From Academic Kids

Collections of Diyas
Collections of Diyas

Diwali is the Hindu Festival of Lights and marks the victory of good over the evil. Held on the final day of the Vikram calendar, one type of a Hindu calendar that is followed by North Indians. The following day, marking the beginning of a new year, for North Indians, entitled Annakut.

In South India, Diwali does not coincide with the beginning of a new year as South Indians accordingly follow a different calendar, Shalivahana calendar. In South India, the new year, entitled Ugadi, is followed by persons in Andhra Pradesh and Karnataka. Vishu and Varsha Pirappu are celebrated in Kerala and Tamil Nadu respectively. These festivals occur at about the same time, generally during April. references: [1] (http://www.hindutemple.org/brochures/tamil_new_year_celebrations_2003.htm) and [2] (http://www.saja.org/stylebook.html#D) (Diwali definition; Excerpt from saja.org: Diwali should not be referred as the Hindu New Year as the new year is celebrated at different times.)

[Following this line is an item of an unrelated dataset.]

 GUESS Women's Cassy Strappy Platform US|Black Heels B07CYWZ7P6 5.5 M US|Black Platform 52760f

The Hindu calendar is a lunar calendar, with most years consisting of 12 lunar cycles and an extra month inserted approximately every seven years to resynchronize the calendar with the seasons.

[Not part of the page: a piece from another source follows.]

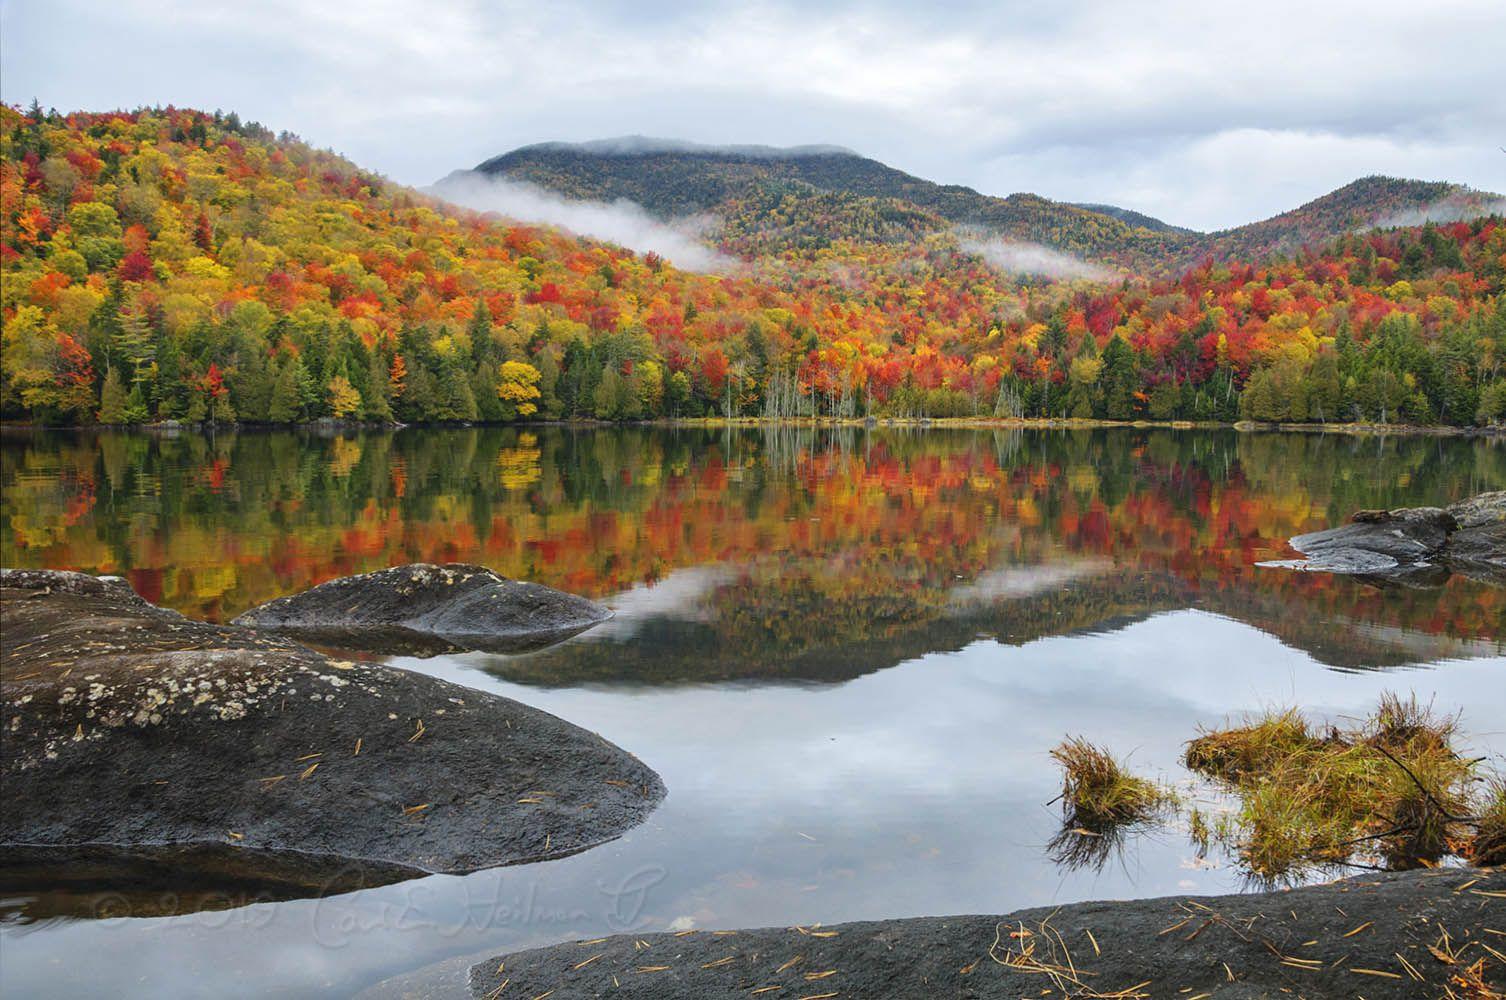 3 The Trails of the Adirondacks - Fall lake

Dipavali falls in the Gregorian month of October or November, and always on a new moon day. Since the precise moment of the new moon falls on different Gregorian dates depending on geographical location, the date of Dipavali also depends on one's location.

In 2003, Dipavali fell on Friday, October 24 for many Indian states and on Saturday, October 25 for the remainder of India as well as for North America.

In 2004, Dipavali fell on November 12 in the United Kingdom and the United States.

In 2005, the estimated date for Dipavali is November 1.

In 2006, it will be on about October 25.


It is celebrated by Hindus all over the world, every year. On the day of Dipavali, old and young, rich and poor wear new dresses and share sweets. They also burn fire crackers. The North Indian business community starts their financial new year on Dipavali and new account books are opened on this day.

There are two mythological legends associated with Dipavali. The first Dipavali was held to celebrate the return of the Rama, King of Ayodhya, his wife Sita and brother Lakshmana to Koshala after a war in which he killed the demon Ravana. It was getting dark, so people along the way lit oil lamps to light their way. Second, it commemorates the killing of Narakasura, an evil demon by Lord Krishna. So Dipavali is a festival symbolising the destruction of evil forces.

There are various legends relating to Dipavali as also different ways of celebrating in different parts of India. Dipavali is celebrated over five days in most of North India as:

  • dhan teras
  • narak chaudas - Chhoti diwali
  • deepawali - ba.Dii diwali
  • annakuuTa
  • bhai duuj

In South India, naraka chaturdashii is the main day of celebration with lot of fire crackers at dawn while in North India the main celebration is on Amavasya evening with Lakshmi Puja followed by lighting of oil lamps in and around the house and bursting of crackers. Missing image

In England, the days are Dhanteras, Narak Chatrudashi, Lakshmi-Puja, the most important day, Padwa or Varshapratipanda and Bhaiya Dooj or the Teeka Ceremony [3] (http://www.leicester.gov.uk/departments/page.asp?pgid=6490).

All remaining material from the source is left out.